Fans of Harry Styles have for years been leaving messages on the Twemlow Viaduct in Holmes Chapel, north-west England.
PHOTO: AFP
“It was just beautiful,” Ms Katharina, 22, another of the trio, from Germany, said of the site known as Harry’s Wall. “Having the name on the wall’s a big thing.”
These days, fans are encouraged to sign and leave behind small slate stones to preserve the 180-year-old viaduct’s brickwork.
‘Demand’
Holmes Chapel – population nearly 7,000 – has welcomed thousands of Harries over the years.
Numbers swelled after the singer played two huge gigs in Manchester in 2022, according to the Holmes Chapel Partnership non-profit.
It handed out 5,000 maps showing Styles points of interest the following year. It then started offering near-daily guided tours for much of 2024.
Mr Peter Whiers, who heads the partnership, noted the response was phenomenal with people arriving at different times of the day to see the sights.

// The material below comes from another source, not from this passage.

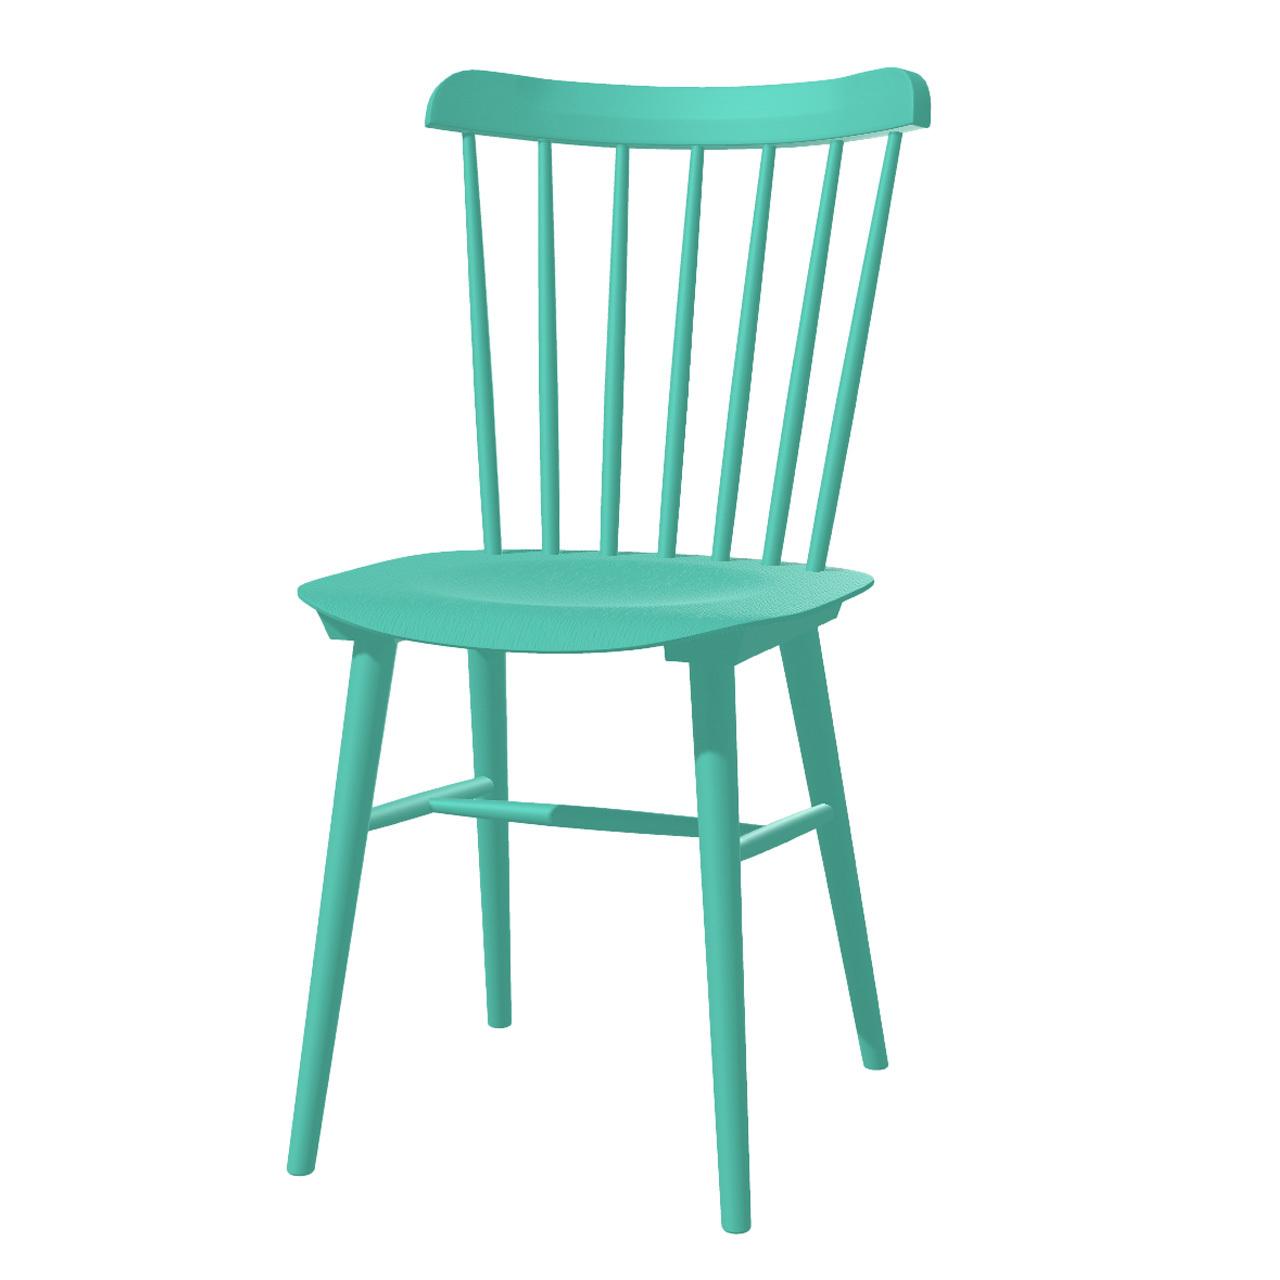 Ton Stuhl im Retro-Stil für den Esstisch

“It became a little bit difficult to meet the demand,” he said. “For every one person on the guided tour, there were probably another 10 that came here and did it under their own steam.”

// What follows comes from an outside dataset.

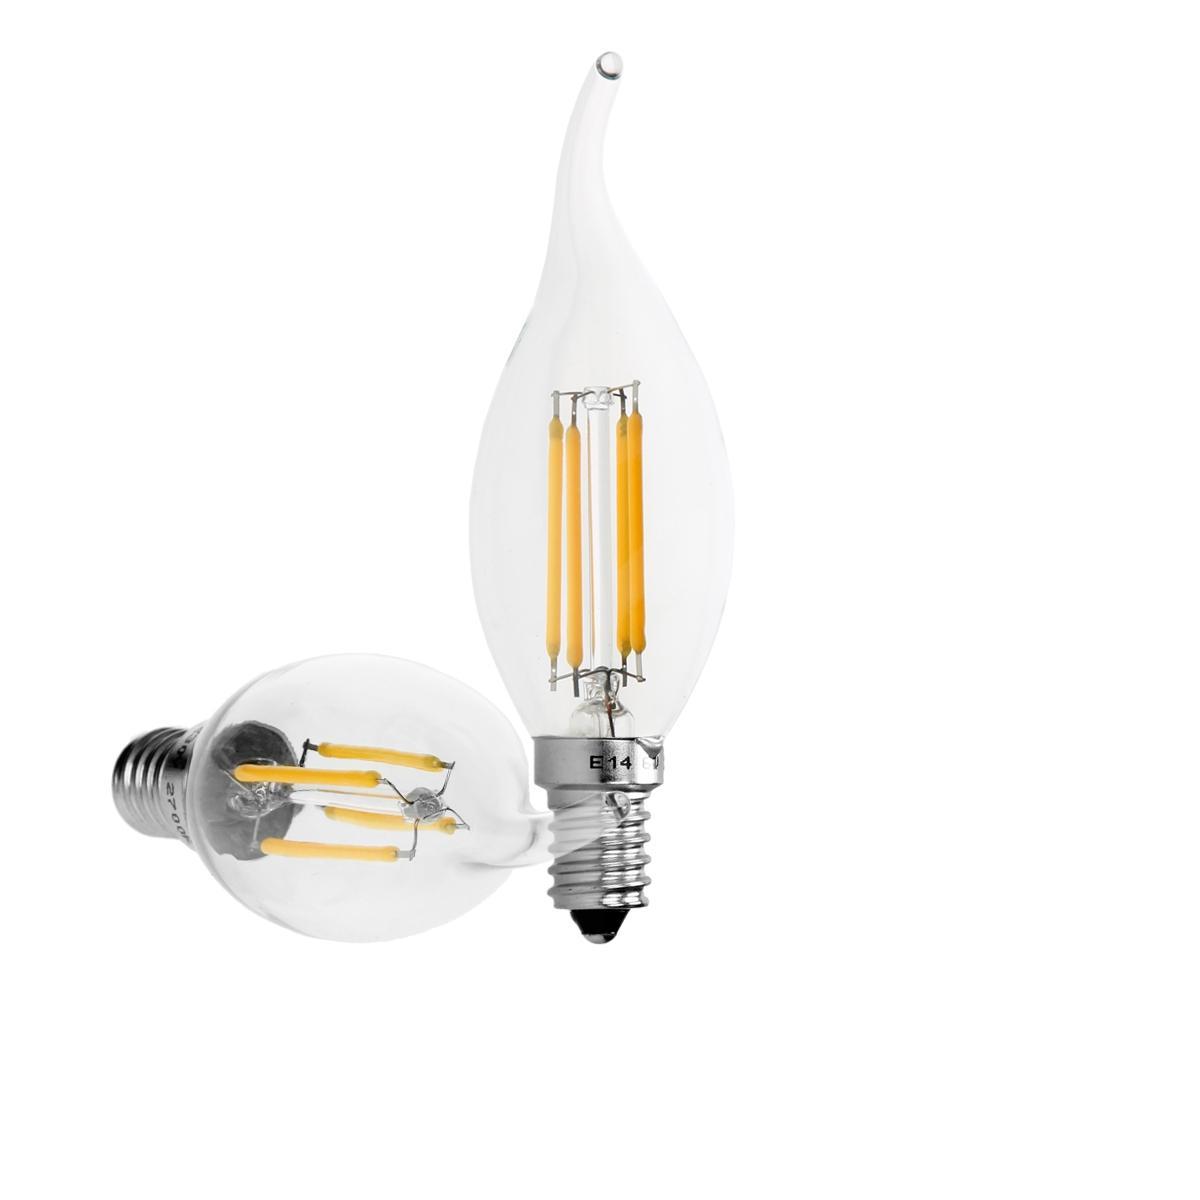 Ecd Germany 20 x Lampe LED rafale de vent filament de bougie E14 4W blanc chaud

Bartender Chloe Thomason, a self-proclaimed superfan from nearby Congleton, was one of the 11 guides hired after acing an 80-question exam about Styles and Holmes Chapel.
The 24-year-old – who is set to attend the album-reveal concert on March 6 – cherished the period.

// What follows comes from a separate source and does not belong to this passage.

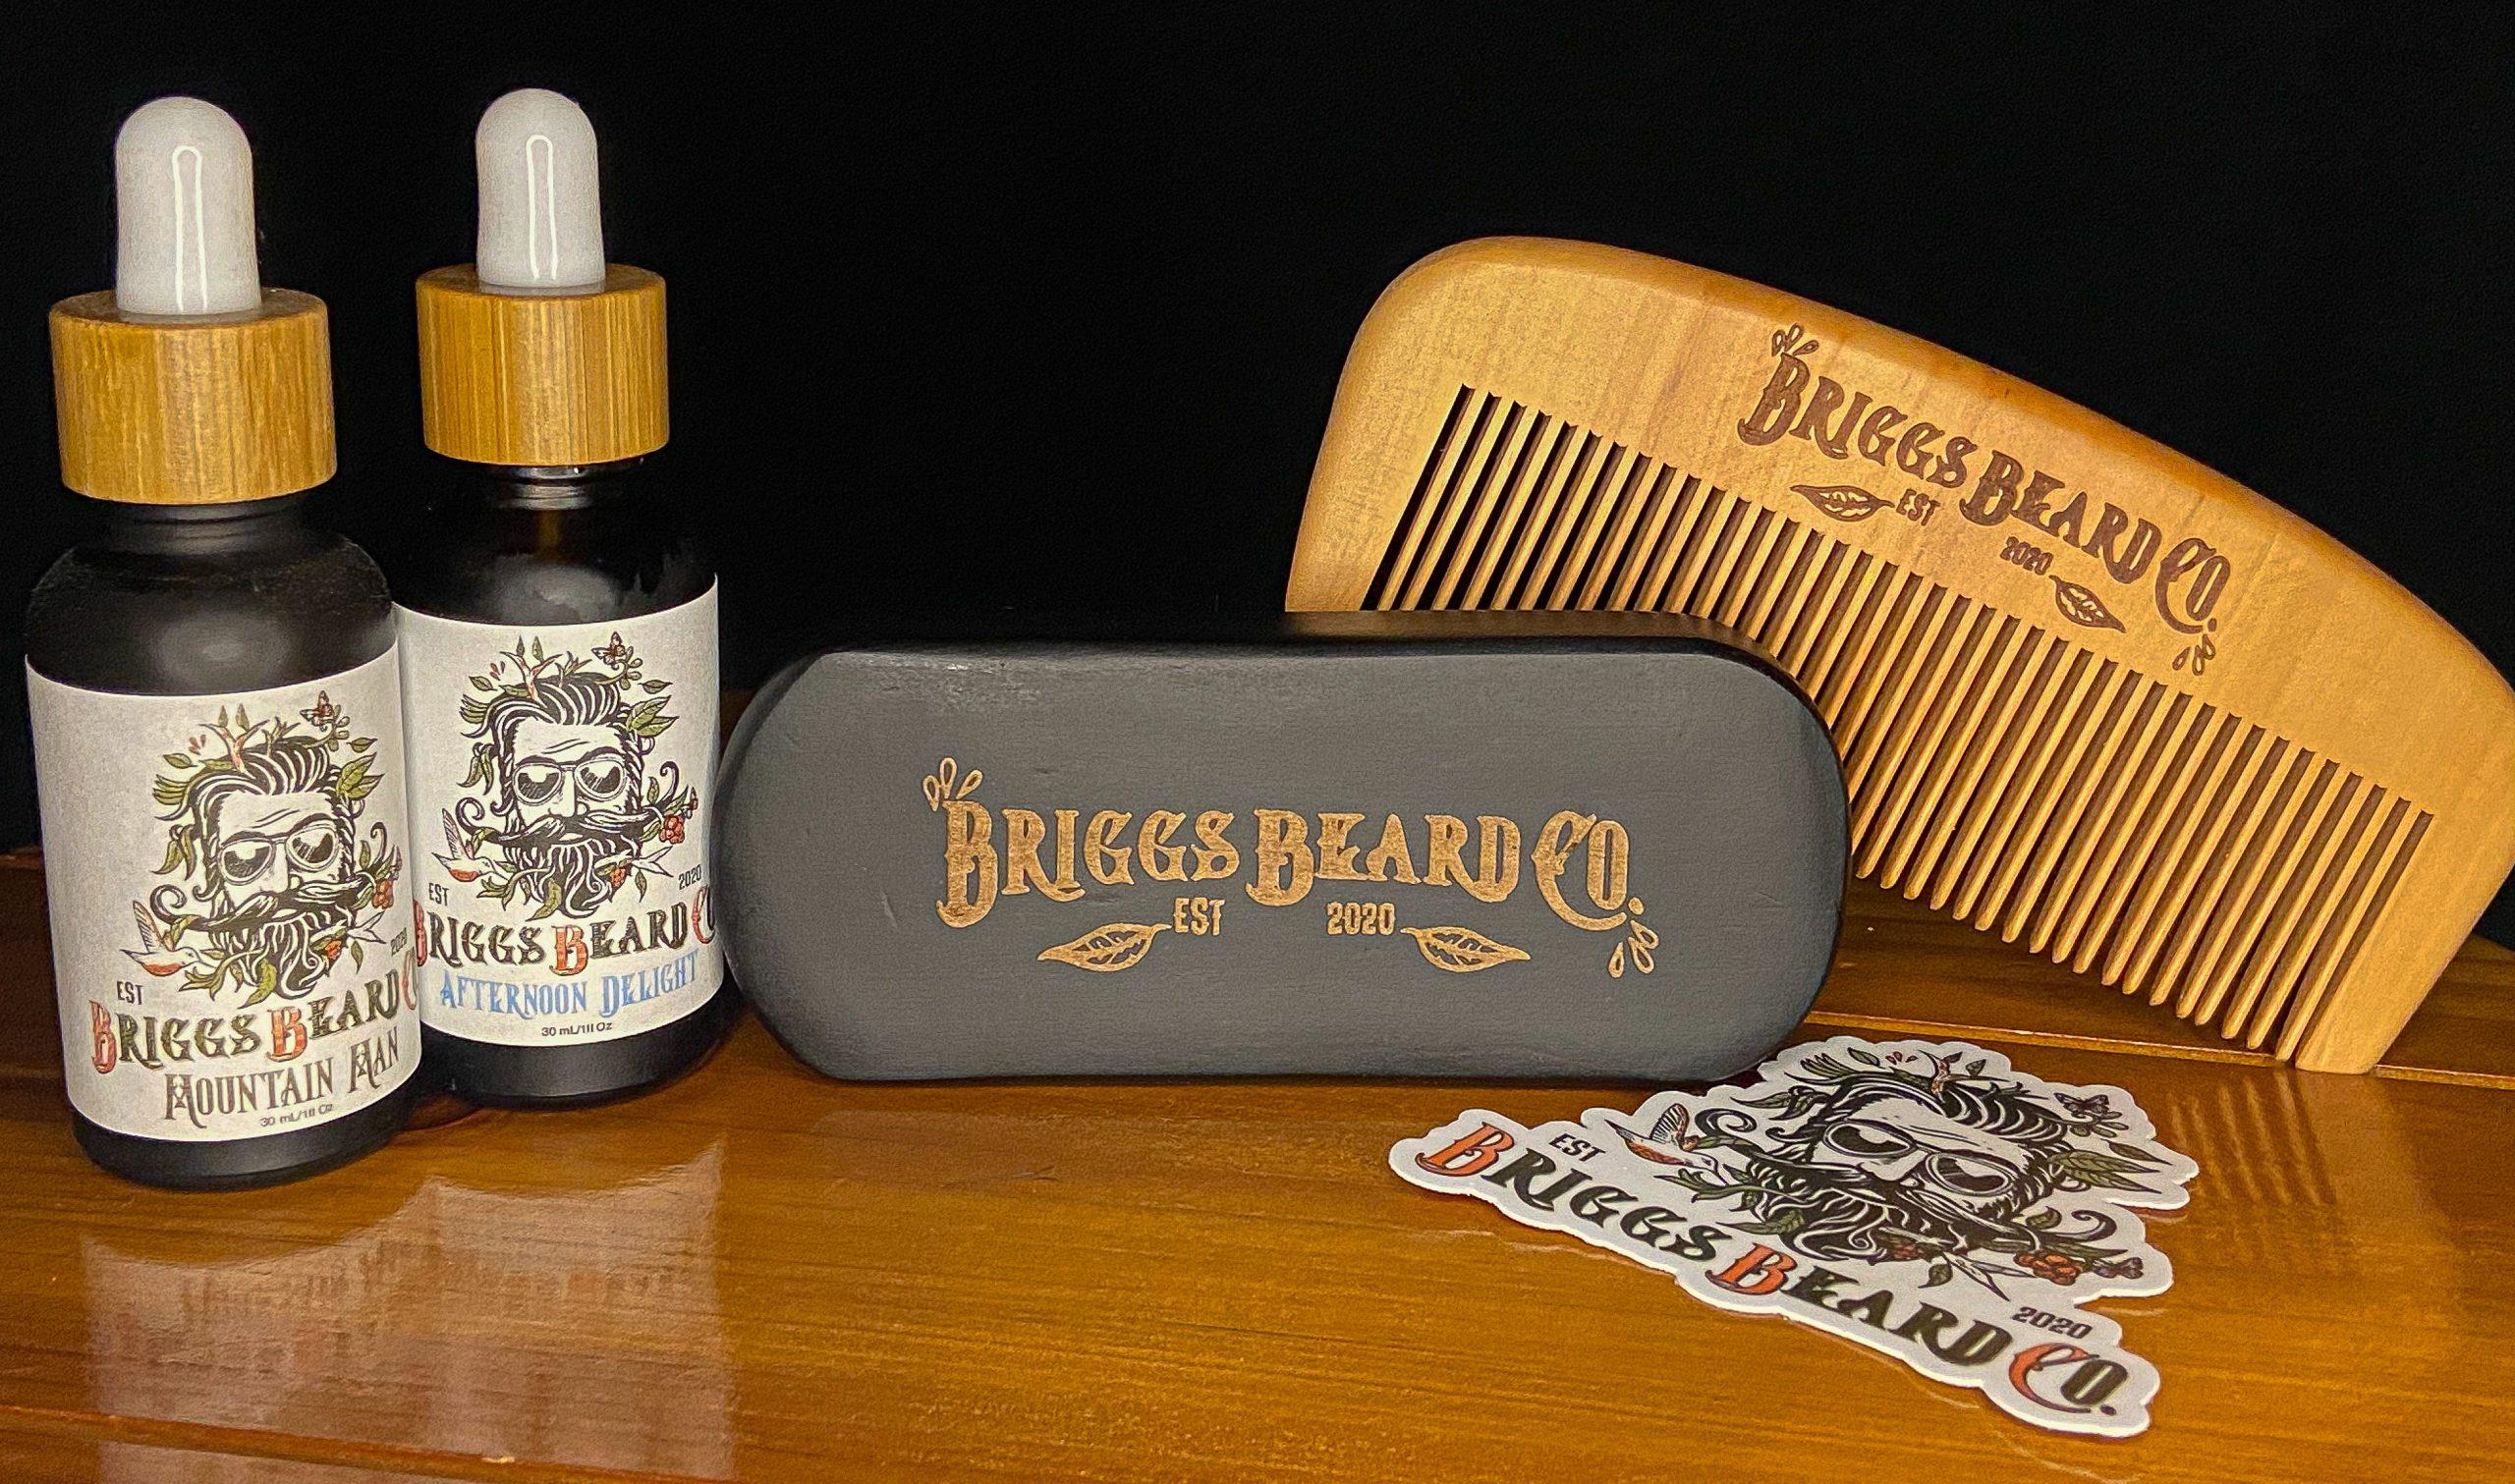 Briggs Beard Care Bundle

She said: “I loved finding out about everybody... how they found Harry, if they were a new fan, an old fan... and it was just so good.”
The tours are now self-guided, with the partnership offering an online version for fans worldwide who cannot make it to Holmes Chapel.
Former Harry Styles walking tour guide Chloe Thomason gestures to the names and messages written on the Twemlow Viaduct in Holmes Chapel, north-west England, on March 4.
PHOTO: AFP
‘Heights’
Styles moved to the village as a youngster, attending schools there and, later, beginning his journey to A-lister status on trains to London for reality music competition The X Factor in 2010.
At the auditions, he described it as quite boring but picturesque.
Later that year, he was chosen to be part of One Direction, remaining in the boy band until an indefinite hiatus in 2015.
The members launched solo careers and none has enjoyed more subsequent success than the boy from Holmes Chapel.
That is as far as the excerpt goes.